:: Data section ::
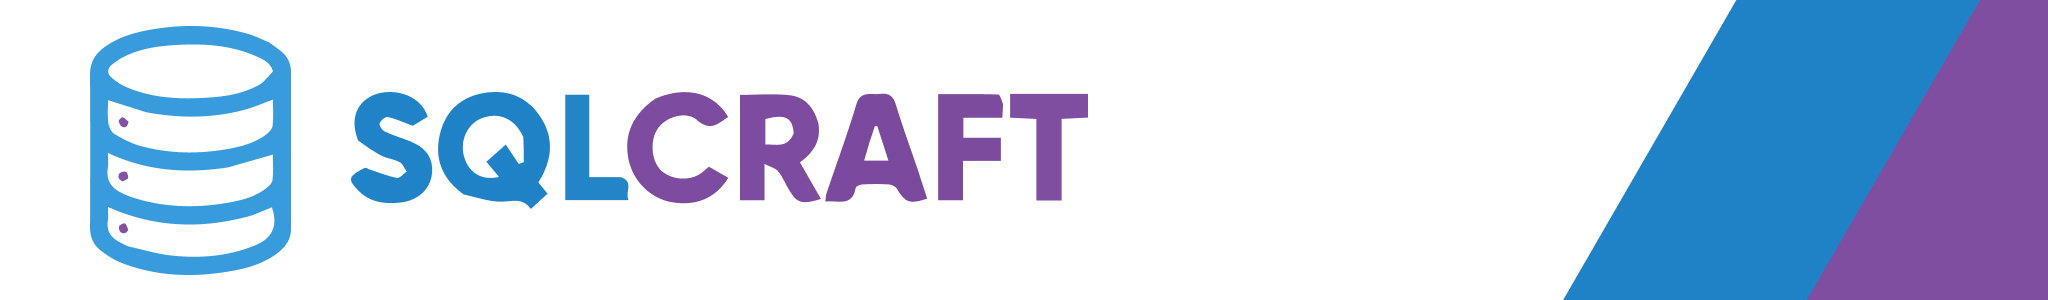 SQLCraft logo
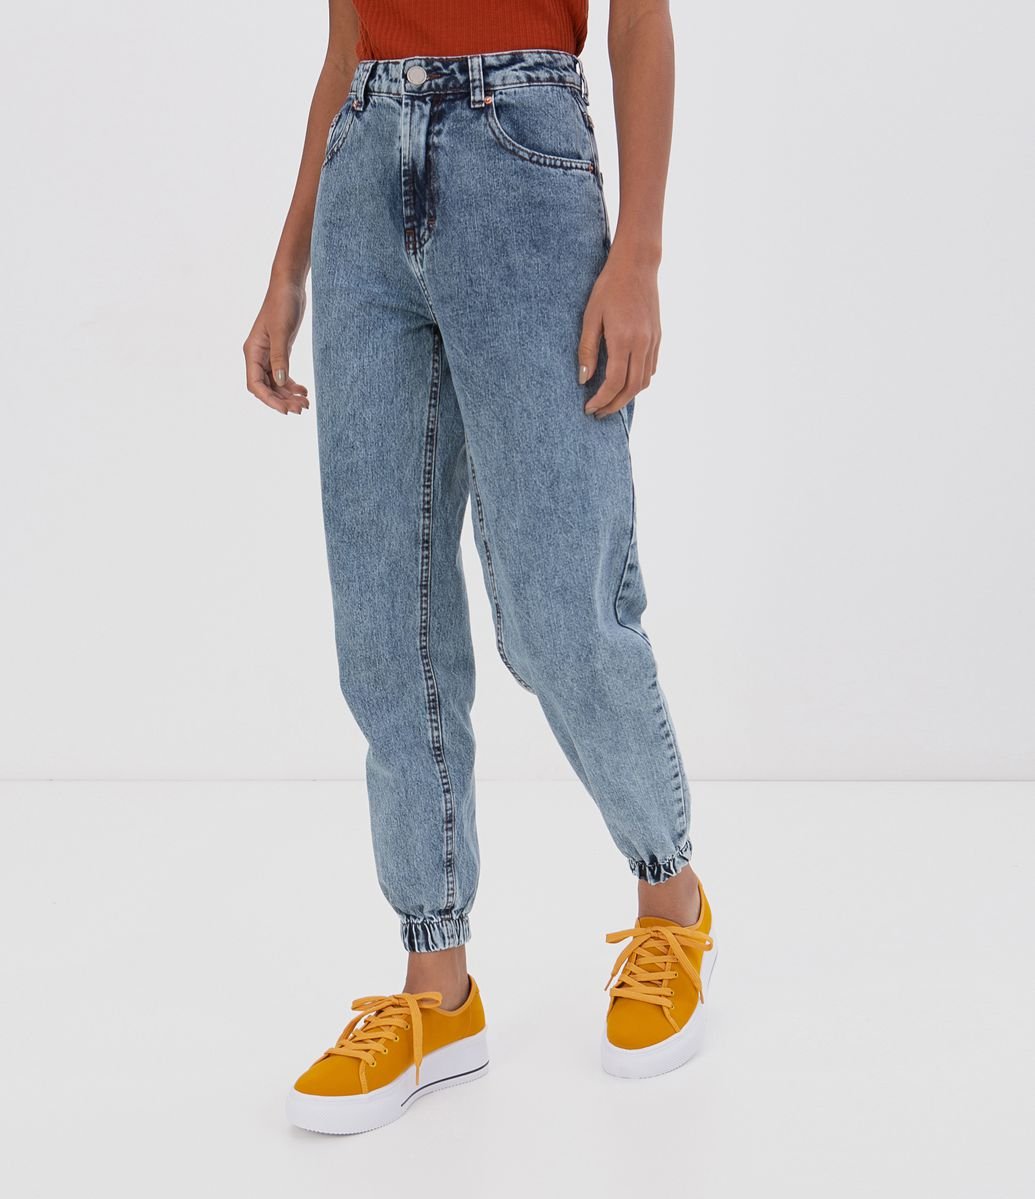 lojas renner calça jeans
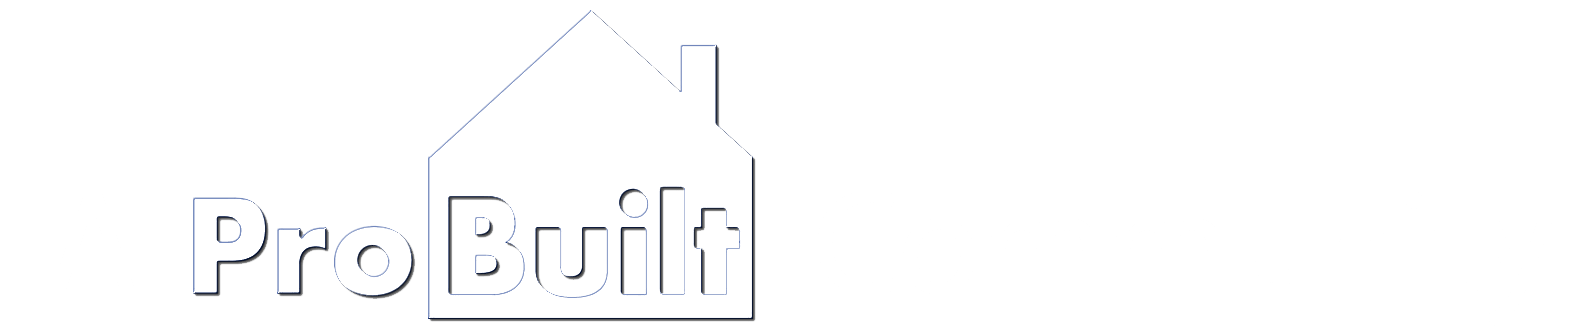 Pro Built Homes Logo

:: Exercise description ::
The listing should be transcribed in full, exactly, and without its pictures.

:: Answer to the problem ::
 SQLCraft logo
 lojas renner calça jeans
 Pro Built Homes Logo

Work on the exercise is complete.